Introduction and Aim: Coronavirus disease (COVID-19) is an infectious disease caused by the SARS-CoV-2 virus. Once infected this virus induces several clinical disorders in humans. SARSCoV-2 enters cells via TMPRSS2. Genetic variation in TMPRSS2 could affect the severity of infection. The purpose of this study was to investigate how the (TMPRSS2) gene polymorphism affected COVID-19 severity in patients as well as the effect of age and comorbidities on infection.
 
 Materials and Methods: This cross-sectional analytical study comprised of 400 (185 male, 215 female) Covid-19-infected patients between ages 18-65 receiving treatment in hospitals at Baghdad, Iraq.

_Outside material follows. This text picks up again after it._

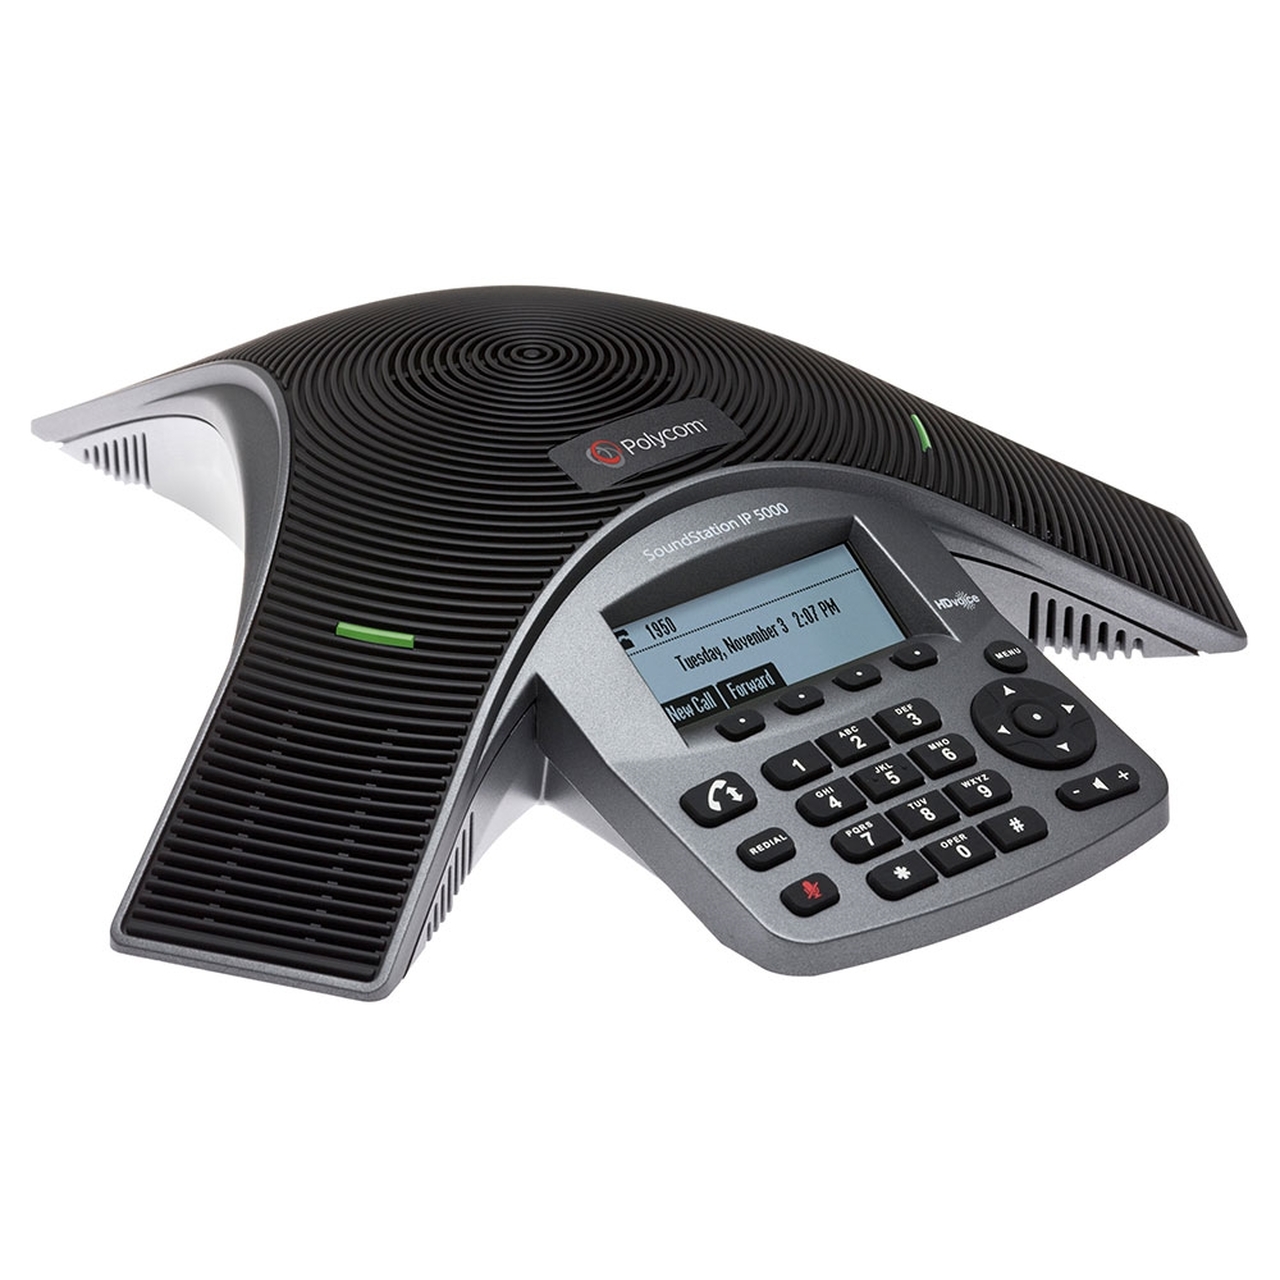 Polycom Soundstation Ip 5000 Conference Voip Phone Pn: 2200-30900-025 2201-30900-001

The patients were divided into three groups: mild, moderate, and severe based on the severity of Covid-19 infection. Baseline data was collected for each patient through interview and questionnaire. Blood collected from patients was subjected to DNA extraction and detecting polymorphisms within SNPs of the TMPRSS2 gene.
 
 Results: The present investigation indicated higher age to be significantly associated with severe COVID-19 infection when compared to moderate and mild infection (36.14 ± 12.716 vs. 48.52 ± 17.513 vs. 59.26 ± 16.035) (F= 3.697, df: 64, P= 0.000). Patients with comorbidities was associated with a greater rate of severe Covid-19 infection (74.2% vs. 25.8%). However, individuals without comorbidities had a considerably lower rate of mild and moderate Covid-19 infection (13.9% vs. 86.1%) and (36% vs. 64%), respectively (x^2: 97.930, df: 2, P = 0.000). SNPs; (rs383510, rs12329760) within the transmembrane TMPRSS2–7113 was studied and we found no significant (P> 0.05) association for these SNPs to severity of Covid-19 infection.
 
 Conclusion: The results show that the allelic variation within the TMPRSS2 (SNP rs2070788) gene to be linked to increasing illness severity in COVID-19 patients.